Would you copy only the lines below, from the one containing "White gold earrings with 3.75ct diamonds" through the very last one, leaving the pictures out?

Raw data —
● ● ● ● ●
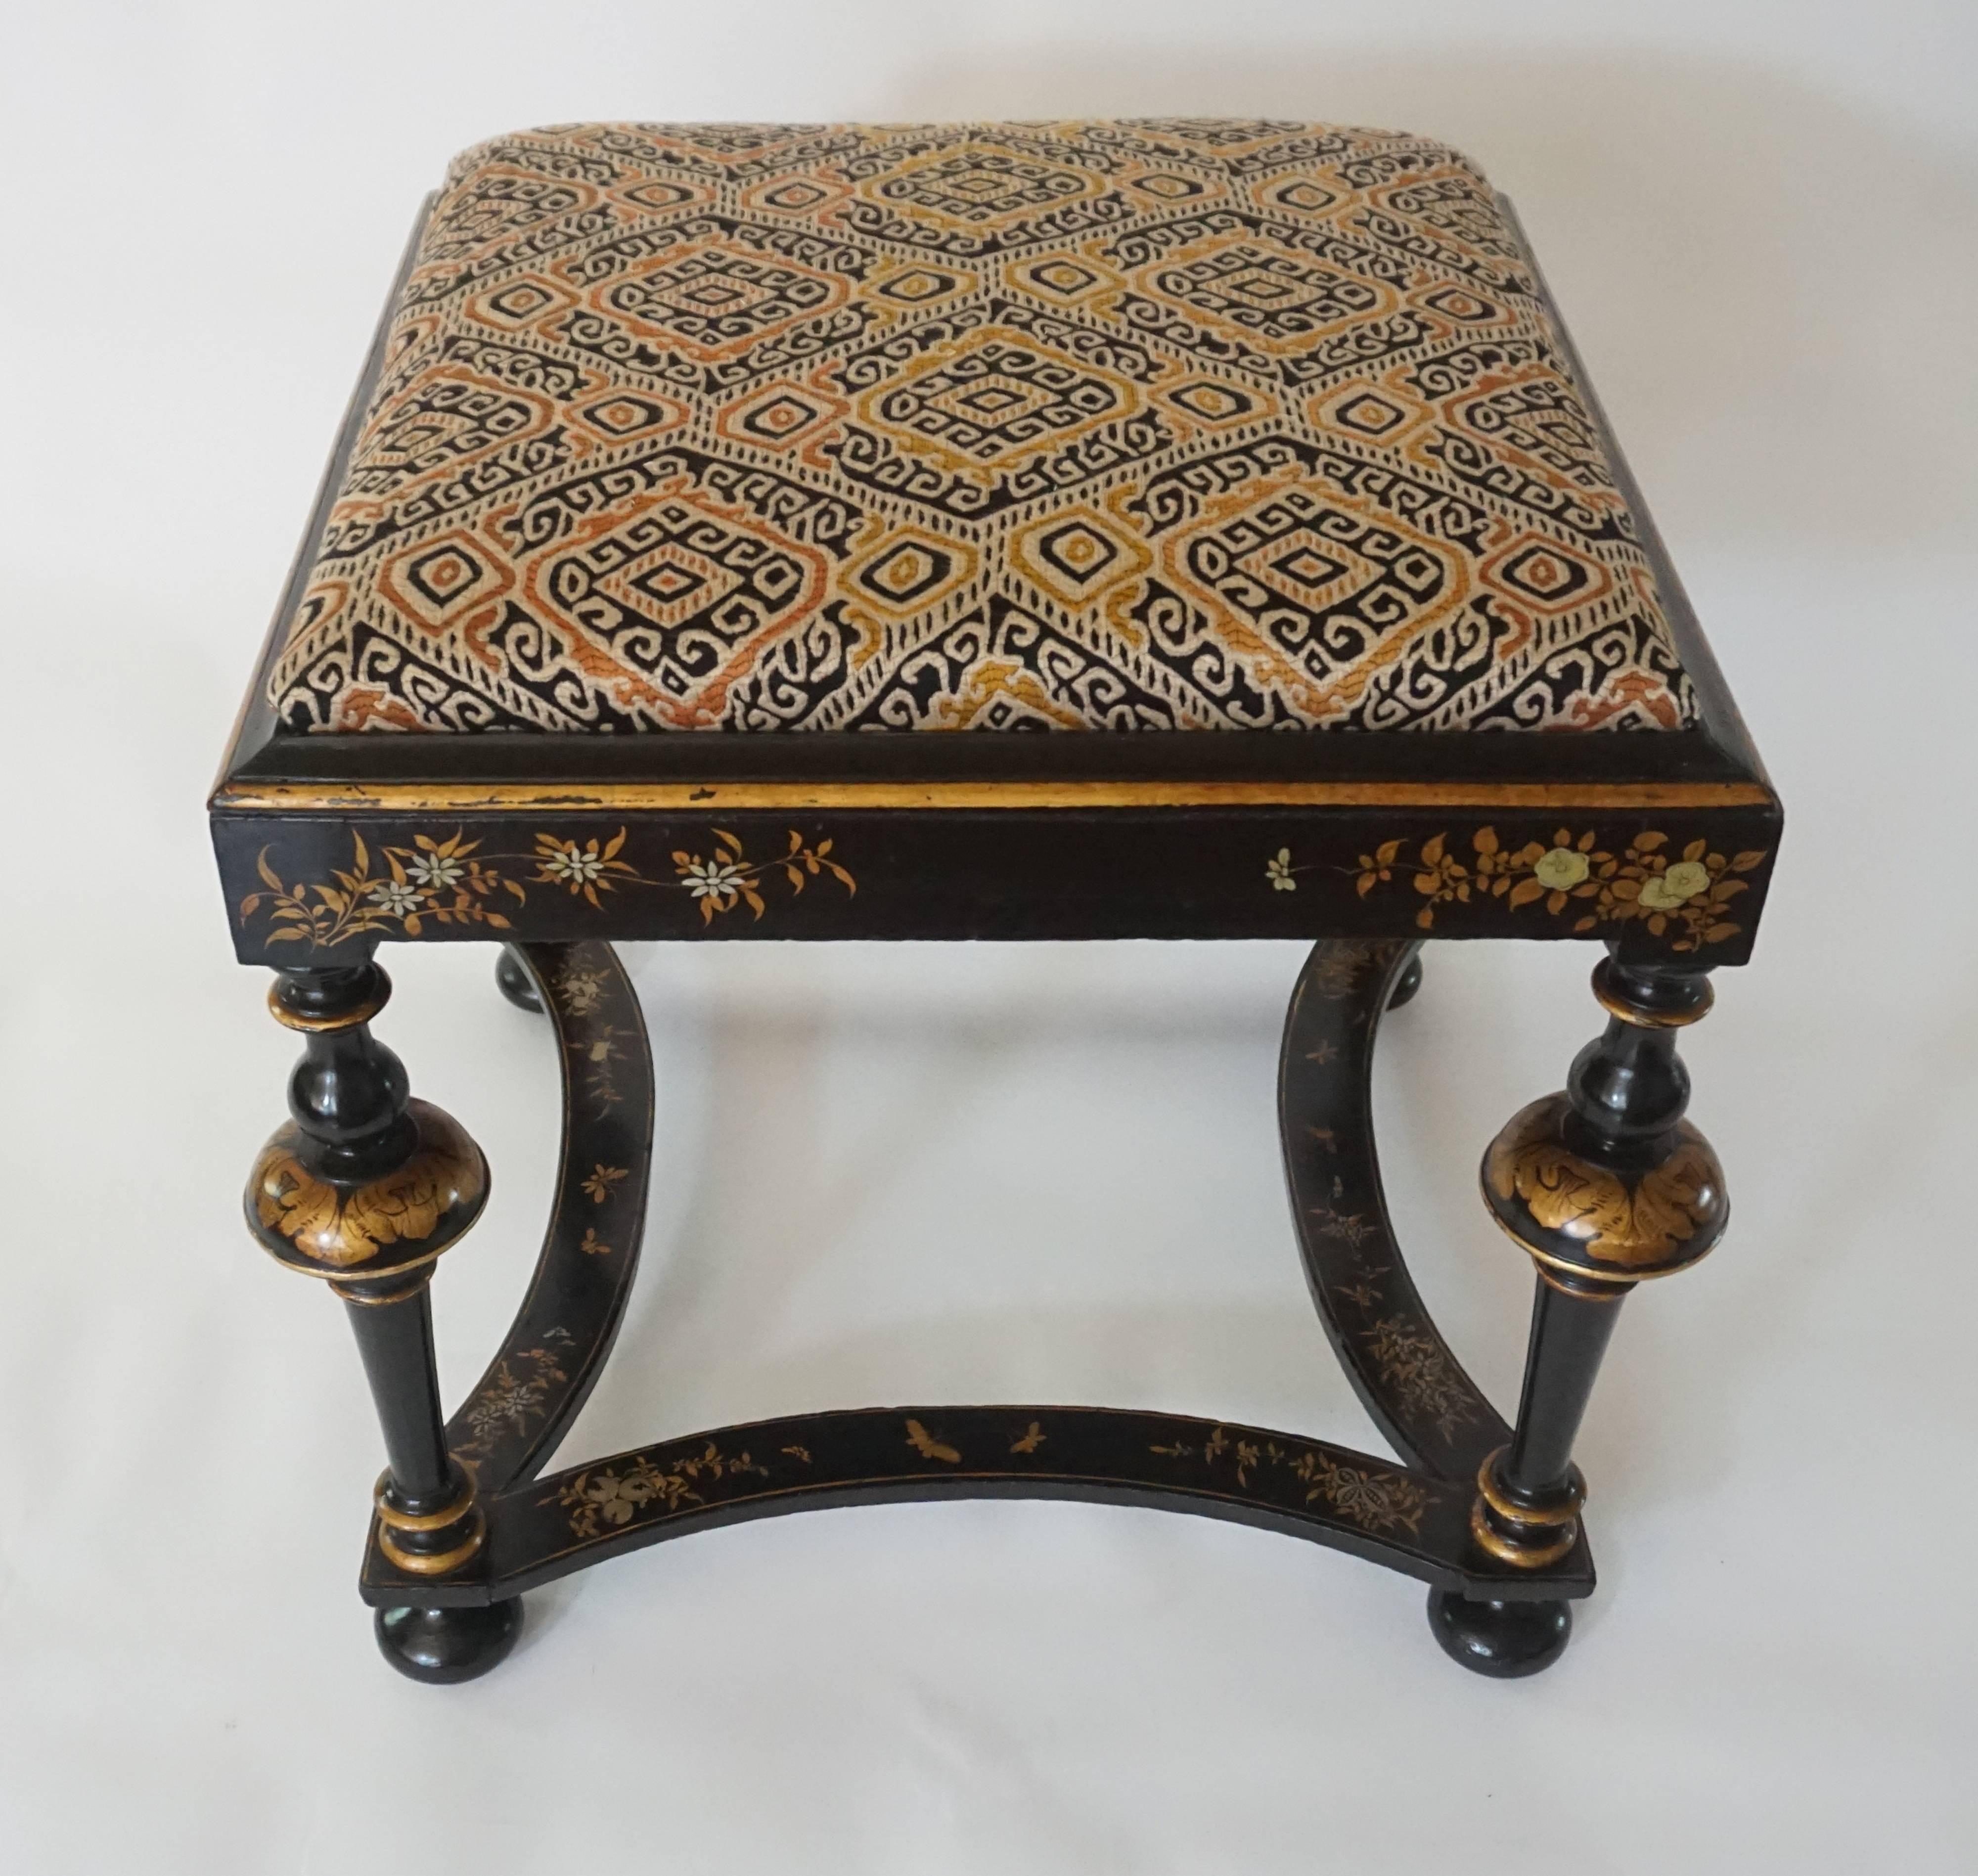 William and Mary chinoiserie style black lacquer low stool or tabouret having gold and silver gilt japanned foliate and insect decoration on wood frame having square upholstered seat surmounting flat seat-rails on dramatic turned supports joining
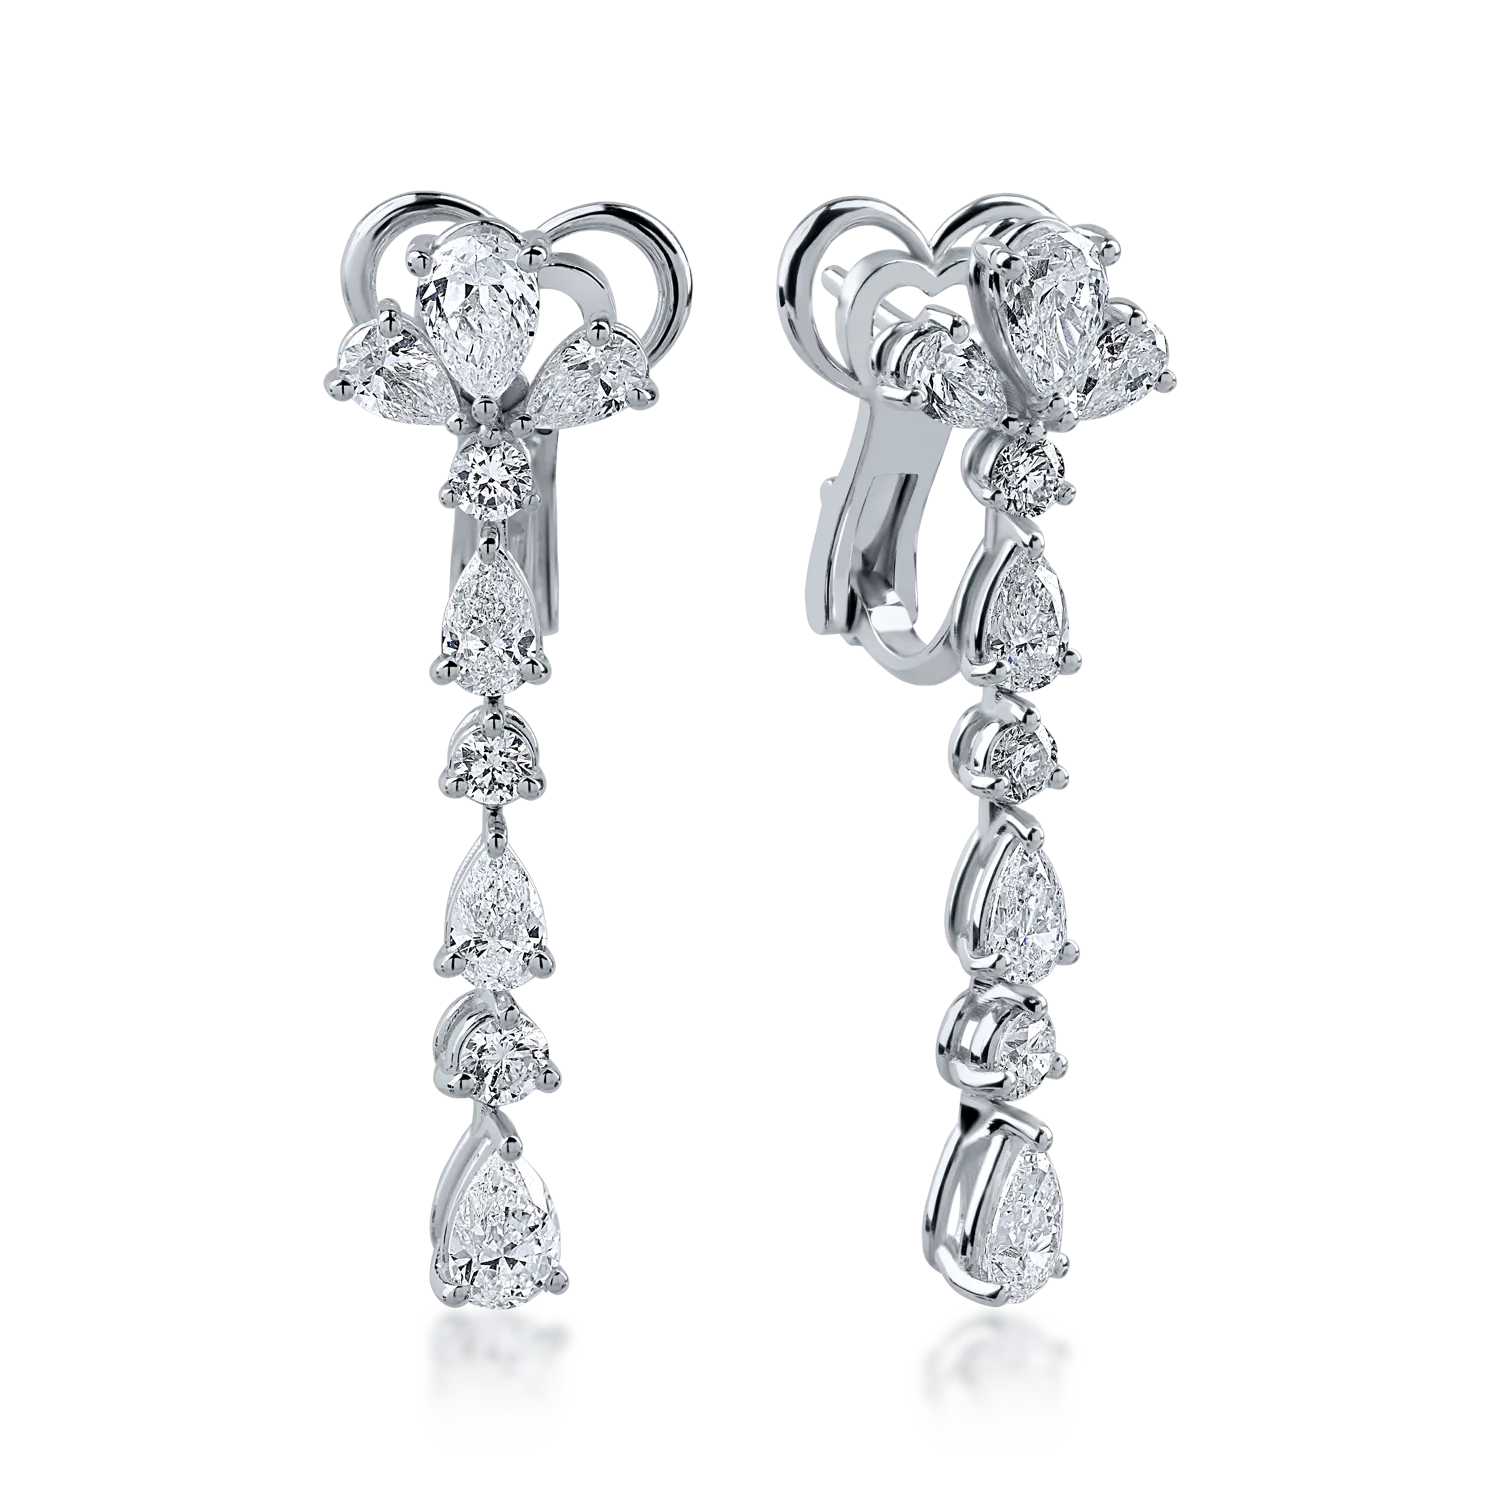 White gold earrings with 3.75ct diamonds
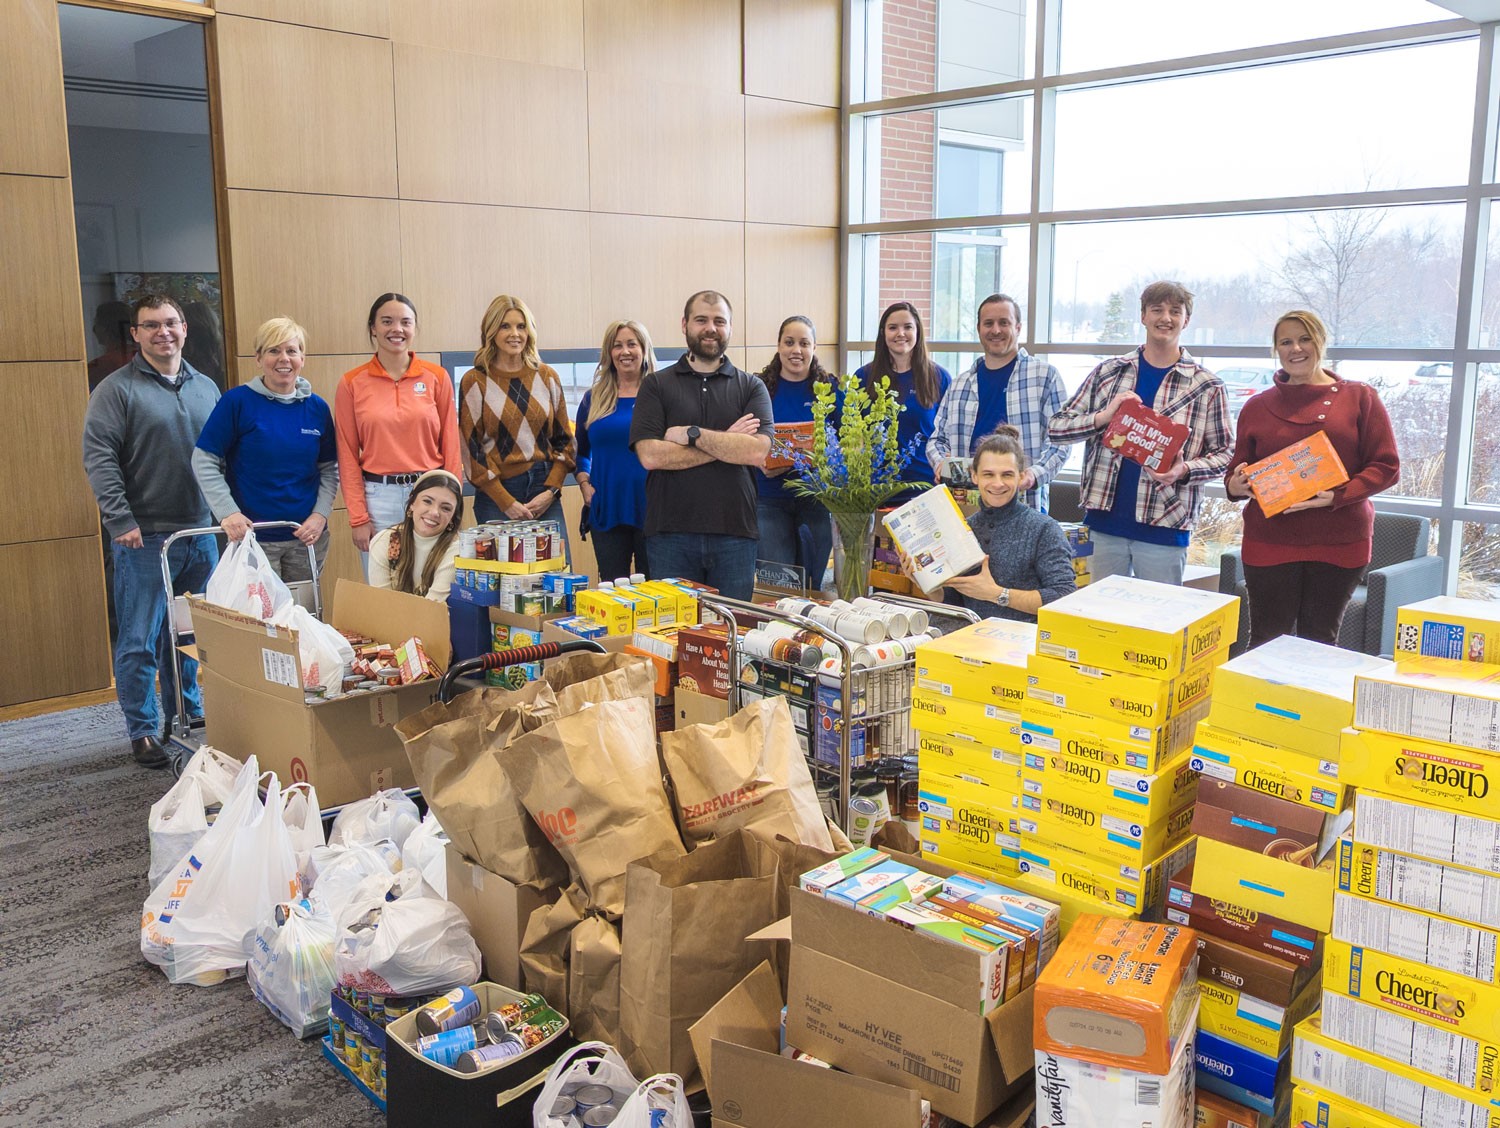 Merchants' associates collected and donated 2,285 lbs. of food for the Food Bank of Iowa.
● ● ● ● ●
Response —
 White gold earrings with 3.75ct diamonds
 Merchants' associates collected and donated 2,285 lbs. of food for the Food Bank of Iowa.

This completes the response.